Time Period3 Months [change]
DirectionMoves Together 
StrengthStrong
Accuracy100.0%
ValuesDaily Returns

Bank of America  vs.  Pacific Ridge Exploration

 Performance 
       Timeline  
Bank of America 

Risk-Adjusted Performance

Solid

 
Weak
 
Strong
Compared to the overall equity markets, risk-adjusted returns on investments in Bank of America are ranked lower than 20 (%) of all global equities and portfolios over the last 90 days. In spite of rather abnormal technical and fundamental indicators, Bank of America exhibited solid returns over the last few months and may actually be approaching a breakup point.
Pacific Ridge Exploration 

Risk-Adjusted Performance

Solid

 
Weak
 
Strong
Compared to the overall equity markets, risk-adjusted returns on investments in Pacific Ridge Exploration are ranked lower than 16 (%) of all global equities and portfolios over the last 90 days. In spite of fairly abnormal basic indicators, Pacific Ridge showed solid returns over the last few months and may actually be approaching a breakup point.

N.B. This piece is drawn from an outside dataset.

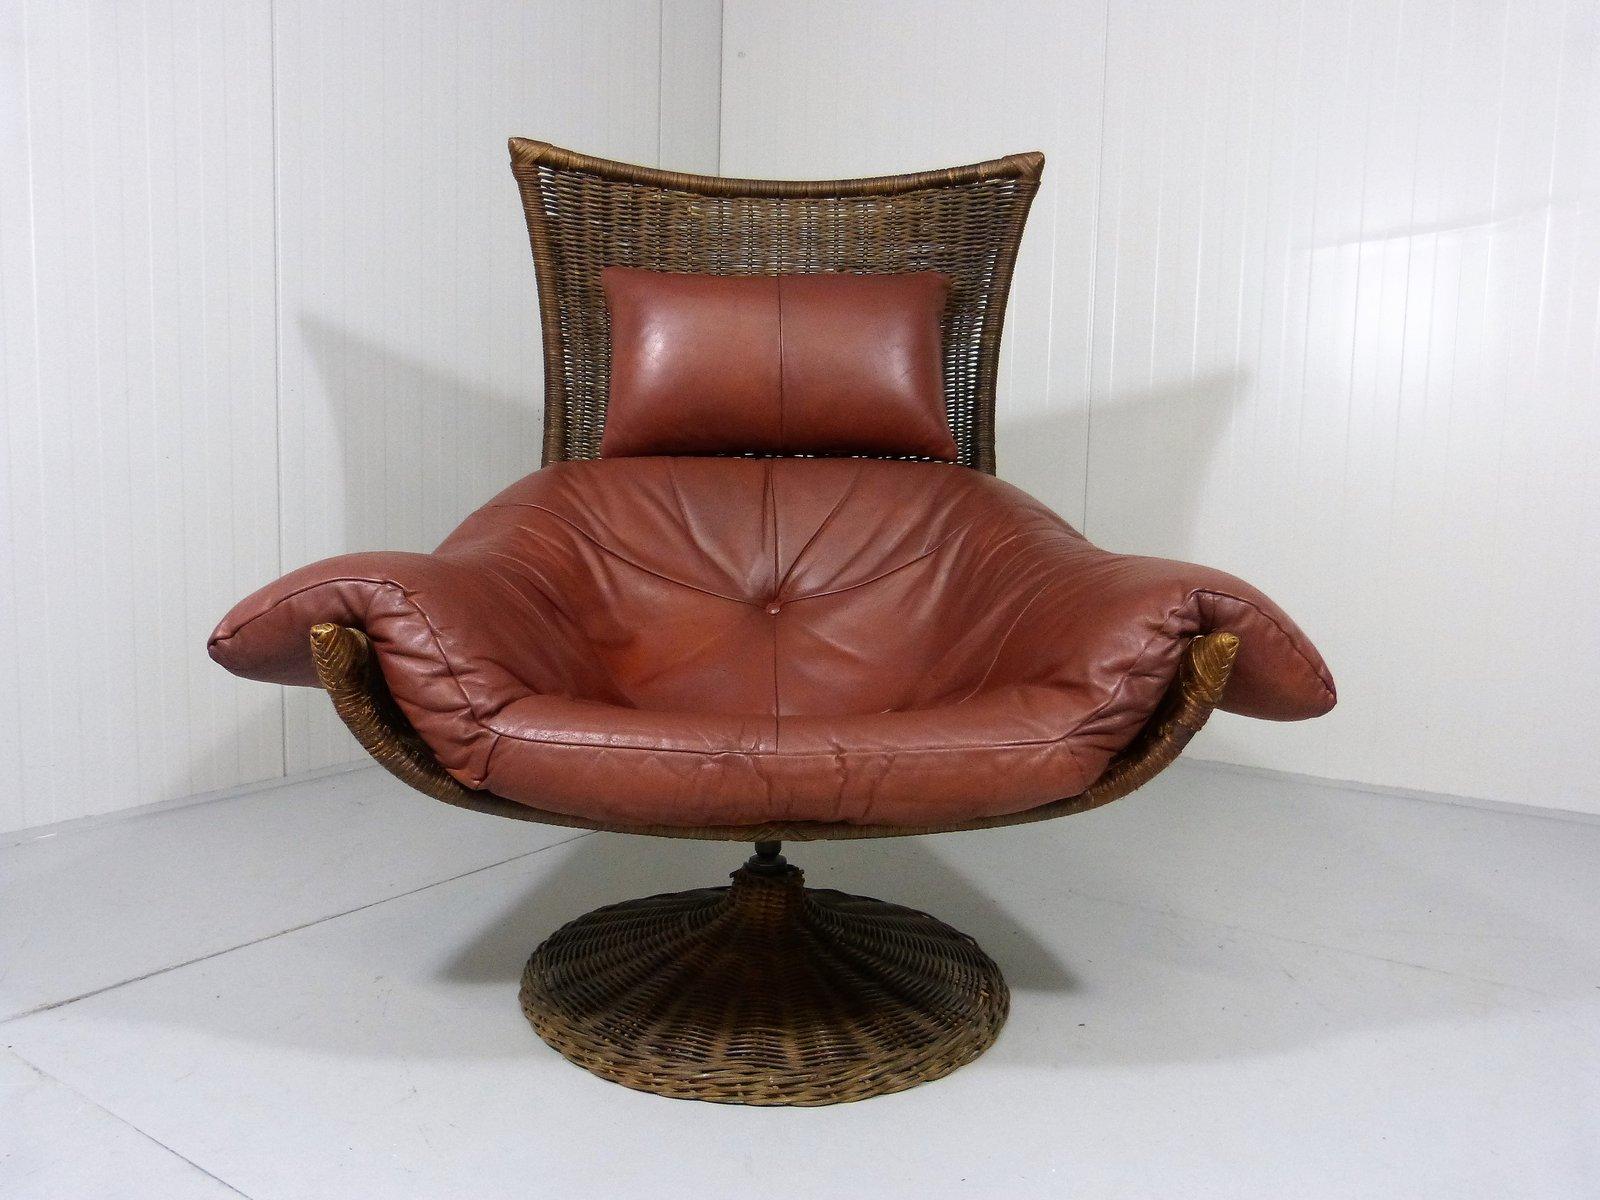 Fauteuil Pivotant Par Gerard Van Den Berg Pour Montis En Vente Sur - Formation decorateur interieur avec fauteuils pivotants design

Bank of America and Pacific Ridge Volatility Contrast

   Predicted Return Density   
       Returns  

Pair Trading with Bank of America and Pacific Ridge

The main advantage of trading using opposite Bank of America and Pacific Ridge positions is that it hedges away some unsystematic risk. Because of two separate transactions, even if Bank of America position performs unexpectedly, Pacific Ridge can make up some of the losses. Pair trading also minimizes risk from directional movements in the market. For example, if an entire industry or sector drops because of unexpected headlines, the short position in Pacific Ridge will offset losses from the drop in Pacific Ridge's long position.
The idea behind Bank of America and Pacific Ridge Exploration pairs trading is to make the combined position market-neutral, meaning the overall market's direction will not affect its win or loss (or potential downside or upside). This can be achieved by designing a pairs trade with two highly correlated stocks or equities that operate in a similar space or sector, making it possible to obtain profits through simple and relatively low-risk investment.
Check out your portfolio center.
Note that this page's information should be used as a complementary analysis to find the right mix of equity instruments to add to your existing portfolios or create a brand new portfolio. You can also try the Fundamentals Comparison module to compare fundamentals across multiple equities to find investing opportunities.